Abstract
Background
Prolonged hypothermic circulatory arrest results in neuronal cell death and neurologic injury. We have previously shown that hypothermic circulatory arrest causes both neuronal apoptosis and necrosis in a canine model. Inhibition of neuronal nitric oxide synthase reduced neuronal apoptosis, while glutamate receptor antagonism reduced necrosis in our model. This study was undertaken to determine whether glutamate receptor antagonism reduces nitric oxide formation and neuronal apoptosis after hypothermic circulatory arrest.
Methods
Sixteen hound dogs underwent 2 hours of circulatory arrest at 18°C and were sacrificed after 8 hours. Group 1 (n=8) was treated with MK-801, 0.75 mg/kg IV prior to arrest followed by 75 μg/kg/hr infusion. Group 2 dogs (n=8) received vehicle only. Intracerebral levels of excitatory amino acids and citrulline, an equal co-product of nitric oxide, were measured. Apoptosis, identified by H&E staining and confirmed by electron microscopy, was blindly scored from 0 (normal) to 100 (severe injury), while nick-end labeling demonstrated DNA fragmentation.
Results
Group 1 and 2 dogs had similar intracerebral levels of glutamate. However, MK-801 significantly reduced intracerebral glycine and citrulline levels as compared to HCA controls.

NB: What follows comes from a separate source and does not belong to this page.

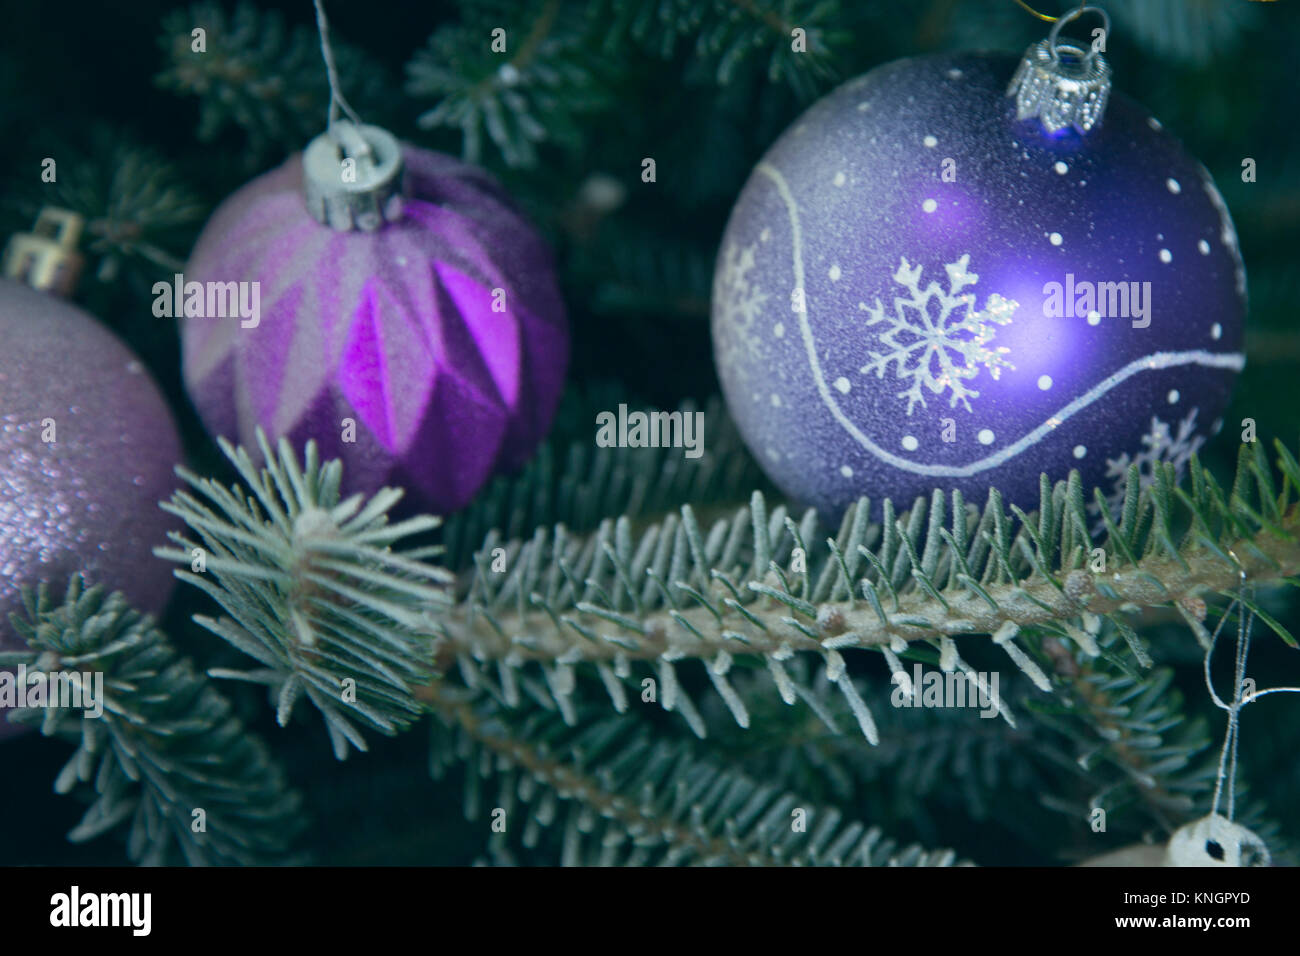 Urlaub Hintergrund mit geschmückten Weihnachtsbaum. Lila und rosa glitter Flitter hängen am Weihnachtsbaum. Einen großen lila Glas bal mit Schneeflocke pa Stockfoto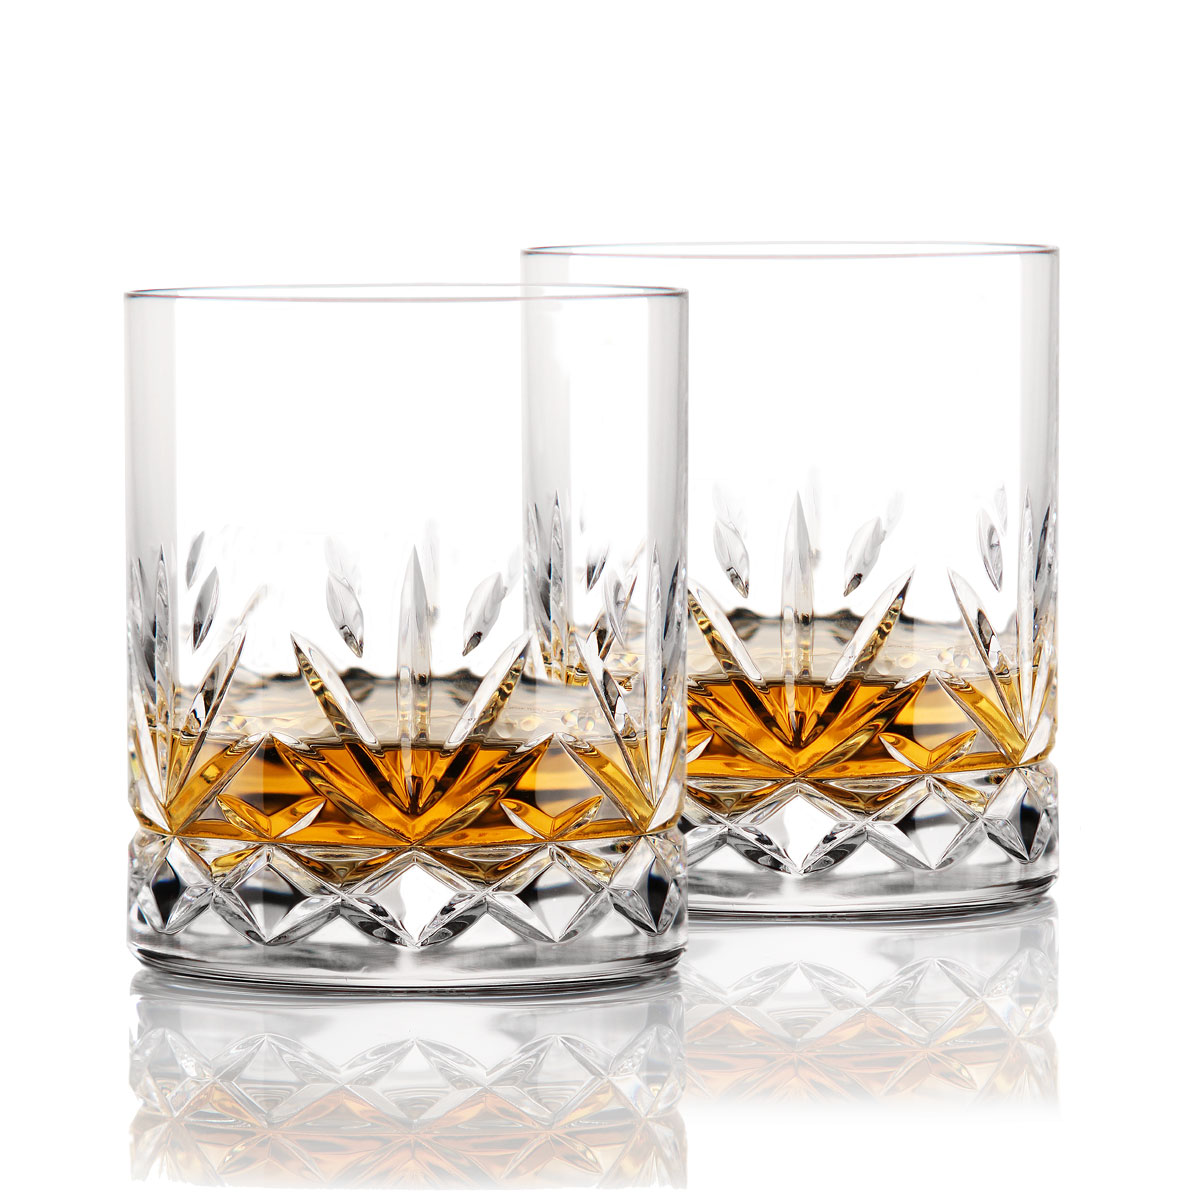 Cashs Ireland Annestown Irish Whiskey DOF Glass, Pair

MK-801 significantly inhibited apoptosis (7.92 ± 7.85 vs. 62.08 ± 6.28, Group 1 vs. 2, p<0.001).
Conclusions
Our results showed that glutamate receptor antagonism significantly reduced nitric oxide formation and neuronal apoptosis. We provide evidence that glutamate excitotoxicity mediates neuronal apoptosis in addition to necrosis after hypothermic circulatory arrest. Clinical glutamate receptor antagonists may have therapeutic benefit in ameliorating both types of neurologic injury after hypothermic circulatory arrest.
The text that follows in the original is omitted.